We toured a company store, originally built by the mining company as a hub of a coal community, where miners were paid and their families bought all their goods and supplies. From that we learned what life was like in the camps and for families.
We visited local mining towns, watching a homecoming parade and eating at a favorite local hotel. We hiked beautiful vistas along waterfalls and rivers and great gorges.
Everywhere we went we met open, friendly, welcoming, loving people who shared family stories. Everyone was connected to coal mining in some way. And of course, each day from 9 to 4 we were fortunate to work with our SALS team at the Gray house, helping with repairs and getting to know the local team in their generous, open, easygoing ways.

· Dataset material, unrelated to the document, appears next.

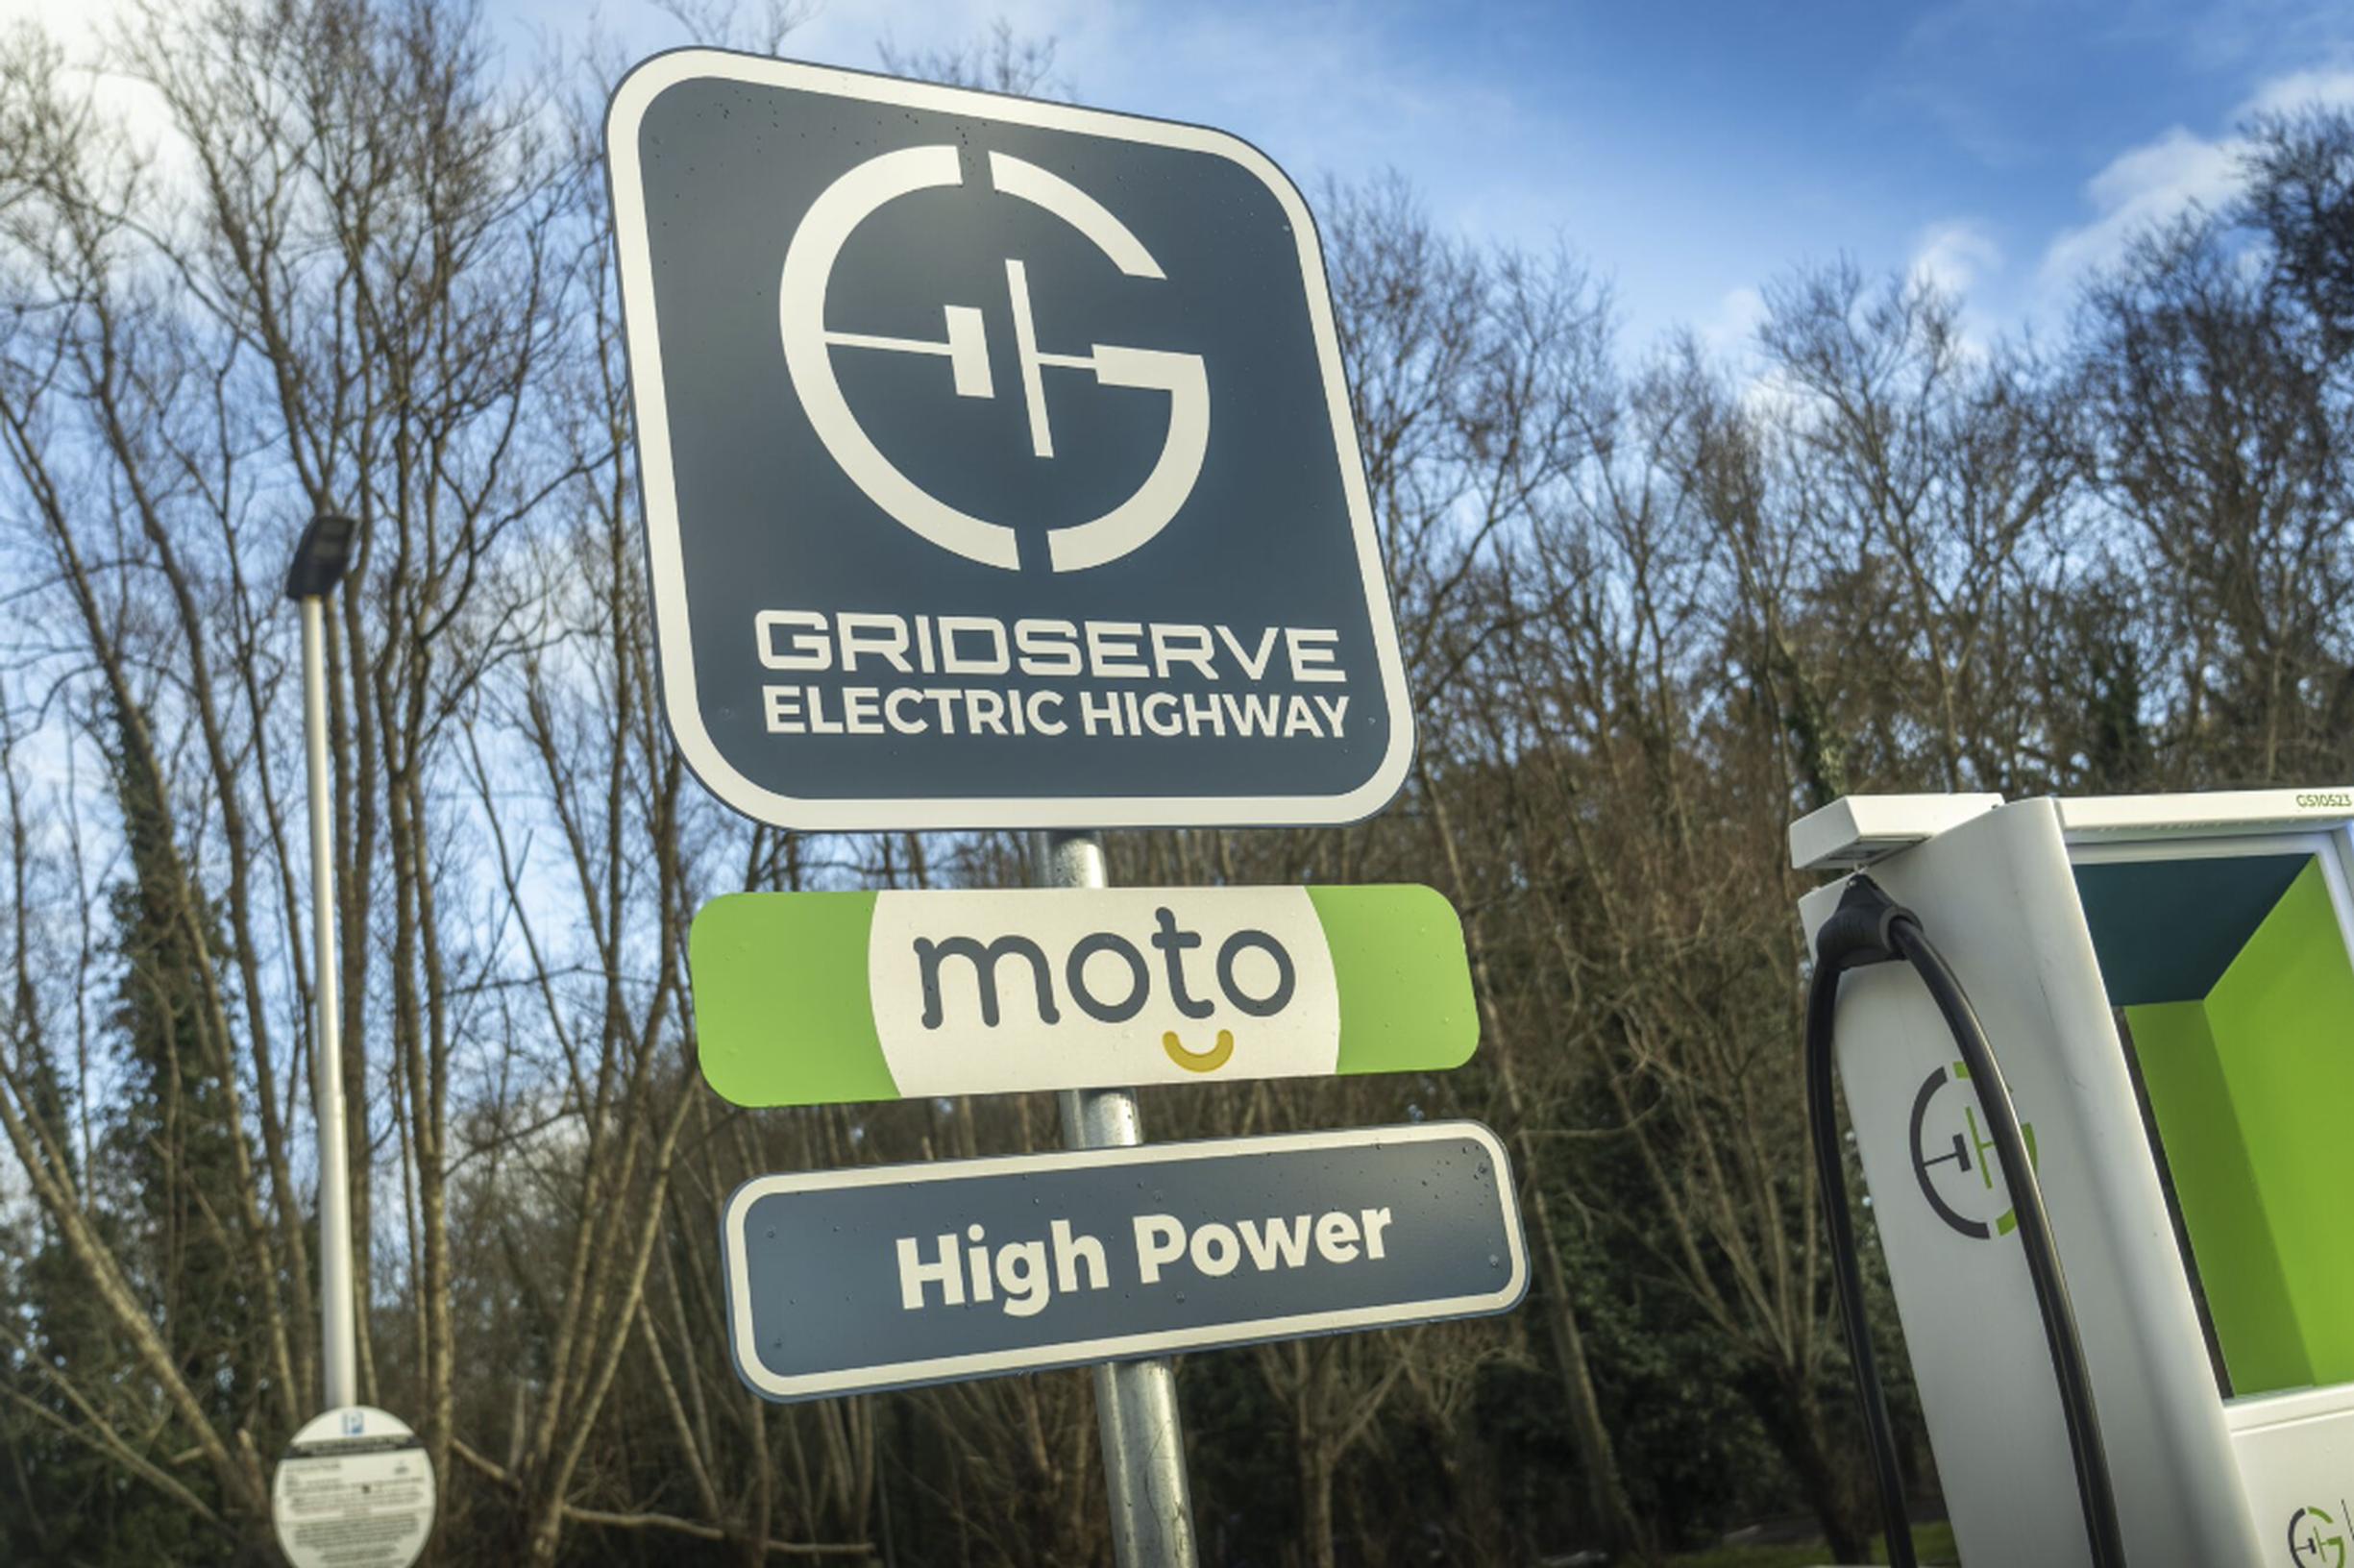 Gridserve and Moto have opened new Electric Super Hubs at Moto Washington North and South on the A1(M)

By the end of the week our group had only made a tiny dent in the long list of repairs at Mr. Gray’s house. The local SALS team will continue to work on it until everything is complete. Even though the end results of our physical work were meager, we were going home with so much more. I’m not sure what I expected from my experience when I first entered Beards Fork, but I left West Virginia with a great love of the people and the area. There is beauty and strength in both. It is something I will keep with me, reflect upon, learn from and share.
Great description of the land, people, and culture in West Virginia! I spent 2 months in Rainelle as an AmeriCorps volunteer and had a similar experience. I think what you’re doing, and your blog, is awesome. Thanks for sharing!